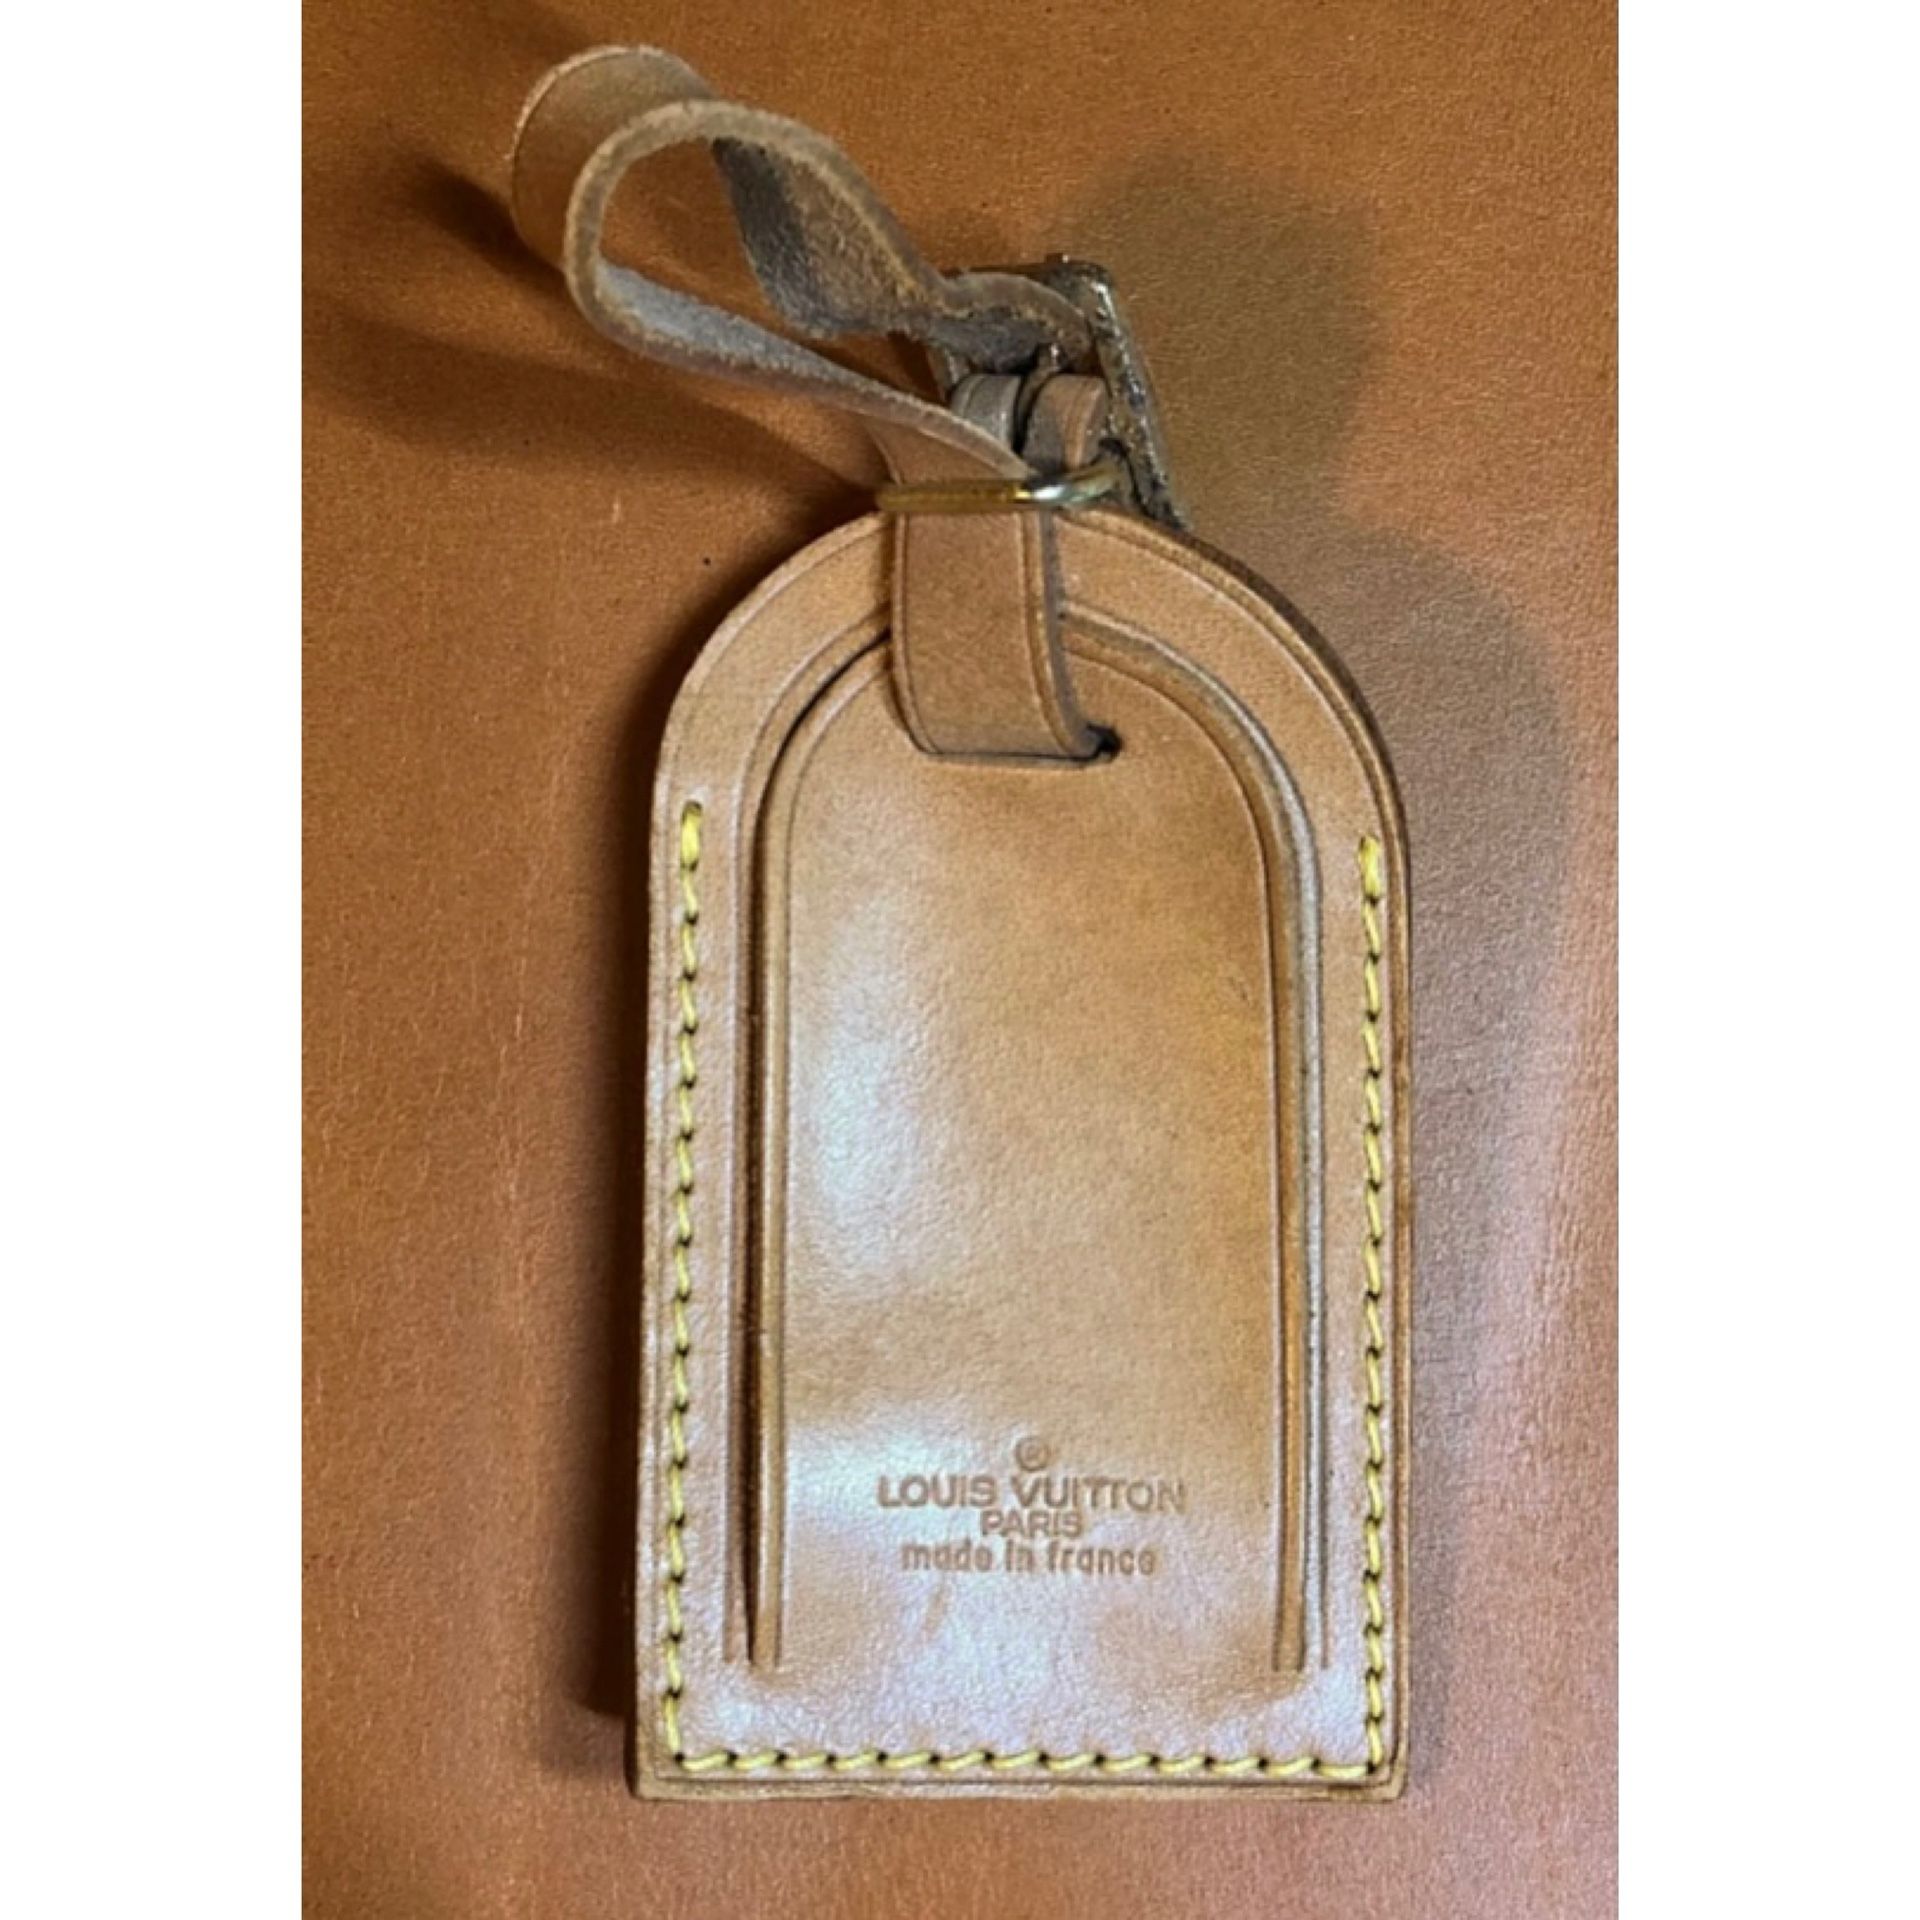 UNISEX Authentic Louis Vuitton Luggage Bag ID Tag
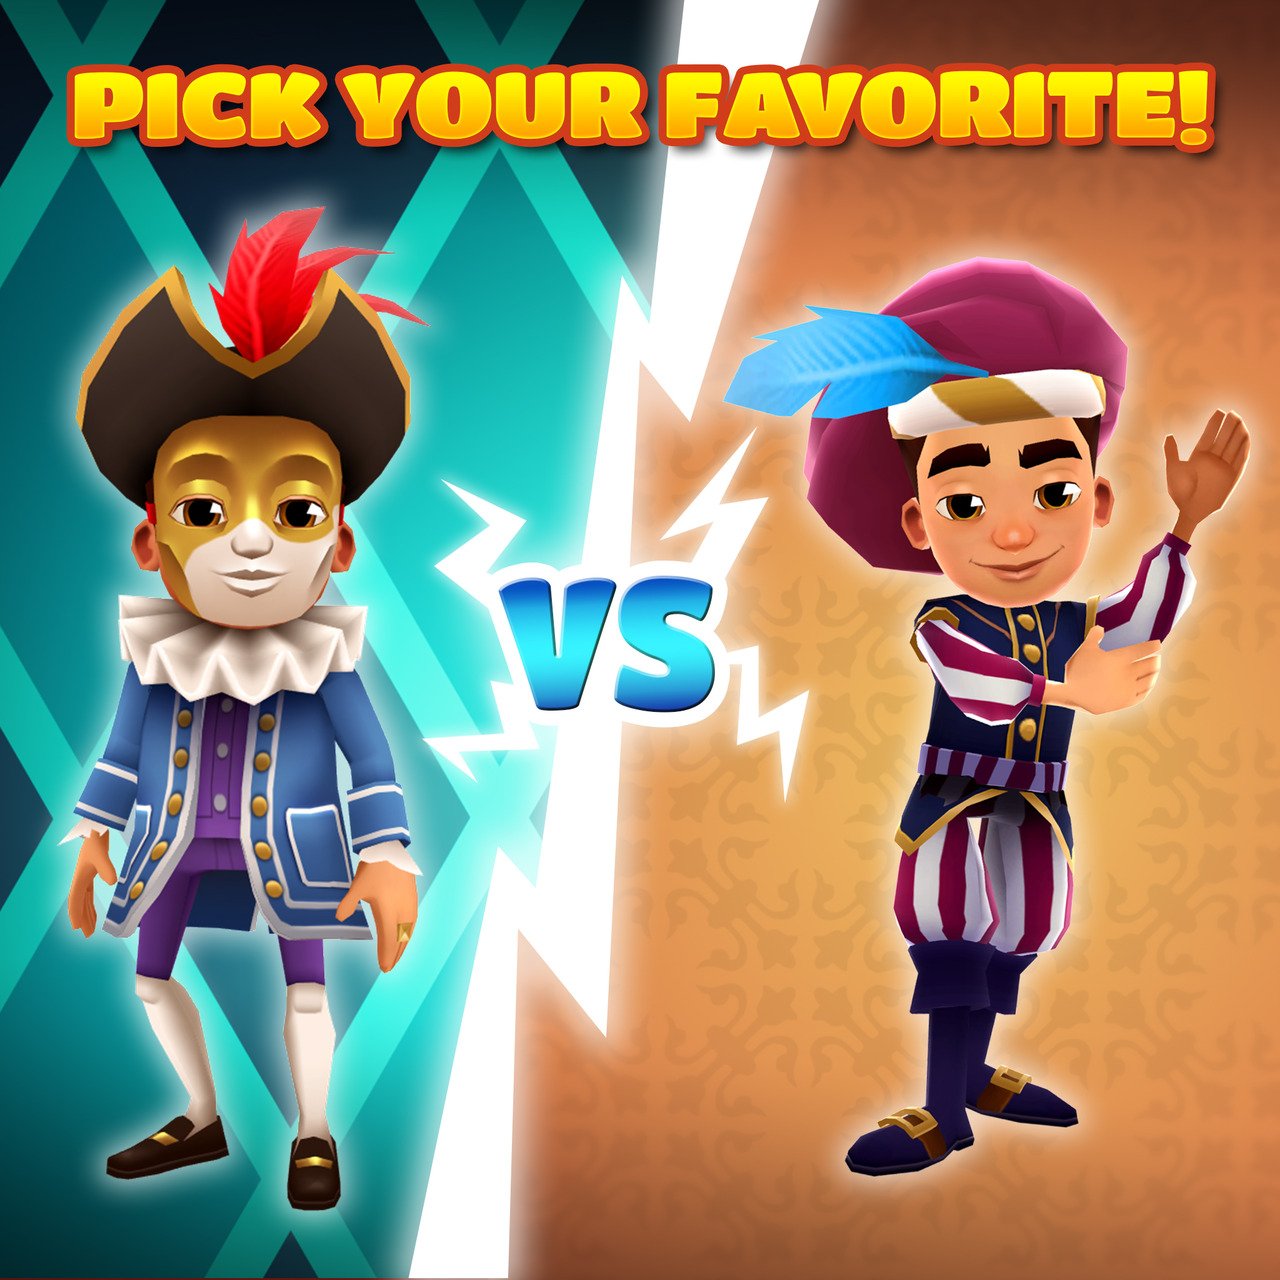 Which outfit should I get : r/subwaysurfers
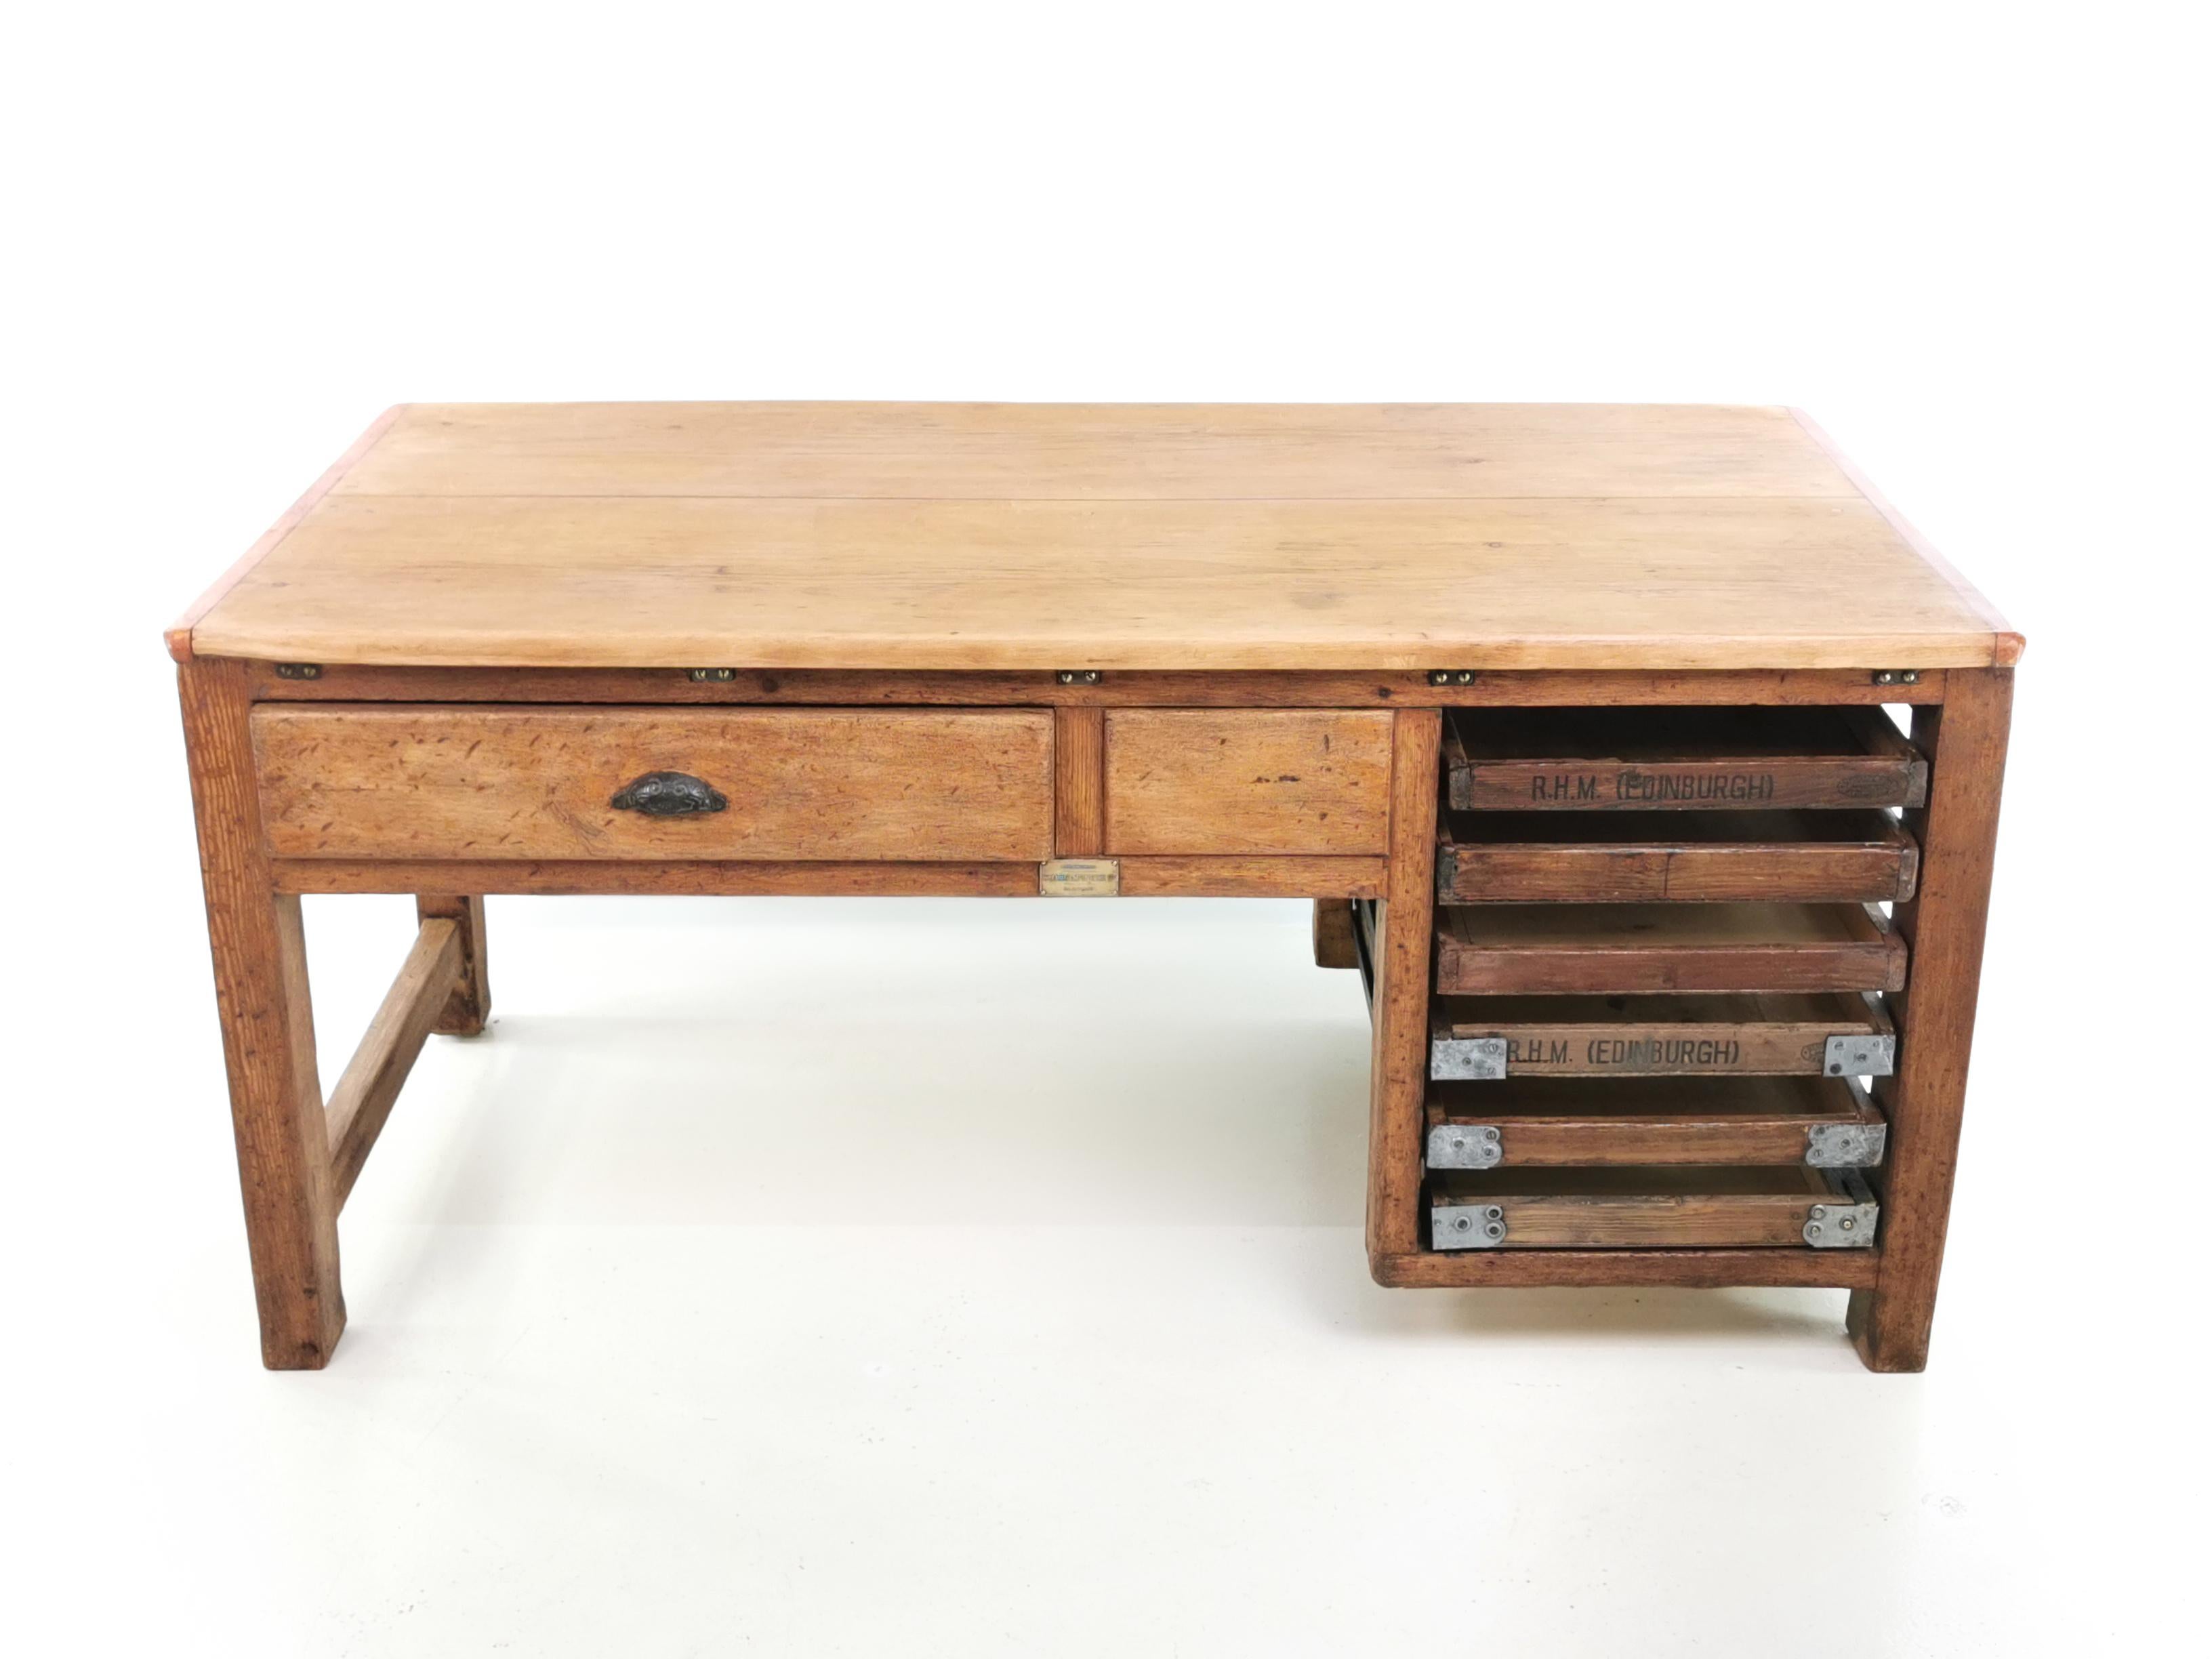 British Early 20th Century Vintage Scottish Bakers Bench Work Table

## WHAT THIS TASK INVOLVES:
Repeat the data exactly, excluding the pictures.

## SOLUTION TO THE EXERCISE:
 UNISEX Authentic Louis Vuitton Luggage Bag ID Tag
 Which outfit should I get : r/subwaysurfers
 British Early 20th Century Vintage Scottish Bakers Bench Work Table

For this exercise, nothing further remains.